Vivek Shraya – Trisha, Creative Direction: Vivek Shraya, Photography: Karen Michelle Campos Castillo, Makeup: Alanna Chelmick, Hair: Fabio Persico, Clothing in 4, 5 & 8: M. Orbe, Set and wardrobe assistants: Shemeena Shraya and Adam Holman (Courtesy the artist)
“I’m afraid of men because it was men who taught me to fear,” Shraya begins the book, continuing, “My fear was so acute that it took almost two decades to undo the damage of rejecting my femininity, to salvage and reclaim my girlhood.” From worrying what she wears on public transit for fear of being bashed to being conscious of how she conducts herself with male students, noticing they talk more than the women-identifying ones, Shraya deftly notes how she molds her own behavior and body out of hyperawareness of men–everyday decisions that should be familiar to everyone with marginalized identities who cannot just be who they are in the world out of fear of violence or some sort of retribution.

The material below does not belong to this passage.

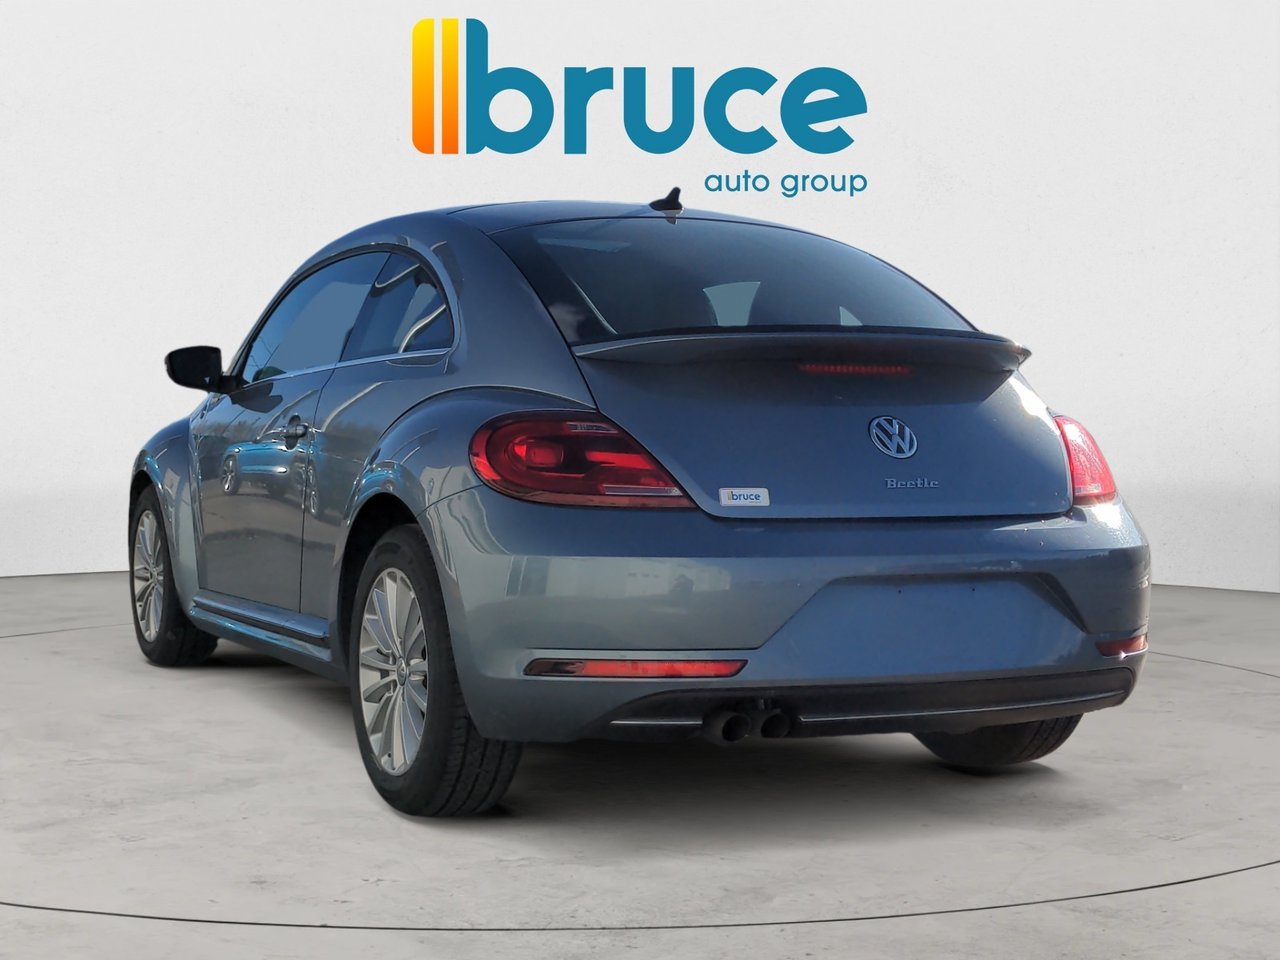 2019 Volkswagen Beetle WOLFSBURG EDITION (RATES STARTING AT 4.99%) 2 YEAR/40K CERTIFIED WARRANTY AVAILABLE, RATES AS LOW AS 4.99%

In “You,” Shraya goes through a chronological account of the occasions in which she was too femme, too brown, too queer, too trans, not femme enough, not gay enough, and not masculine enough, including a particularly devastating scene involving her mother’s powder blue Jordache jacket. Connecting the book to the themes in Trisha, the 1980s-style femininity represented by that jacket and her confidence with which she wore it to school is harshly and painfully rejected as she gets spat on by a dude and his cackling girlfriend. You just want to reach back in time and slap him (and her). In this instance, Shraya’s love of her mother’s aesthetic and desire to inhabit this same sort of femininity is seen as “other” and thus, open to debasement. However, it’s not only school age traumas–Shraya also exposes how she manipulated her body to be more attractive to gay men, camouflaging herself in masculinity. But, she was also queered by race. “My brownness turns out to be a form of queerness in and of itself and makes me too queer for gay men,” she writes.

Vivek Shraya – Trisha, Creative Direction: Vivek Shraya, Photography: Karen Michelle Campos Castillo, Makeup: Alanna Chelmick, Hair: Fabio Persico, Clothing in 4, 5 & 8: M. Orbe, Set and wardrobe assistants: Shemeena Shraya and Adam Holman (Courtesy the artist)
While she appropriately poses the question: “Why is my humanity only seen or cared about when I share the ways in which I have been victimized and violated?” Shraya reveals in “Me” the need for a reconsideration of how we approach gender. The bravery to not exist according to the gender binary system should be celebrated and not either feared or made to fear. Ultimately, I’m Afraid of Men is about breaking down how fear of the feminine, as well as the non-binary limits everyone. As she concludes, “Consider how often you have dismissed your own appearance, behaviors, emotions and aspirations for being too feminine or masculine. What might your life be if you didn’t impose these designations on yourself, let alone me?”
Throughout the book, like her previous question, Shraya uses “you” as a rhetorical device to implicate the audience as the presumed dominant white cisgender straight readership. While the reader may not, in fact, conform to these identities, the truth is that we all participate in the system that renders masculinity as seen as the “real,” while femininity, transness and the non-binary are looked down upon and repressed. And taking Shraya’s exhibition and book in conjunction with Mock and Vaid-Menon’s observations, when all these black and brown trans and gender non-conforming people are asking the same question of us, it’s time to listen.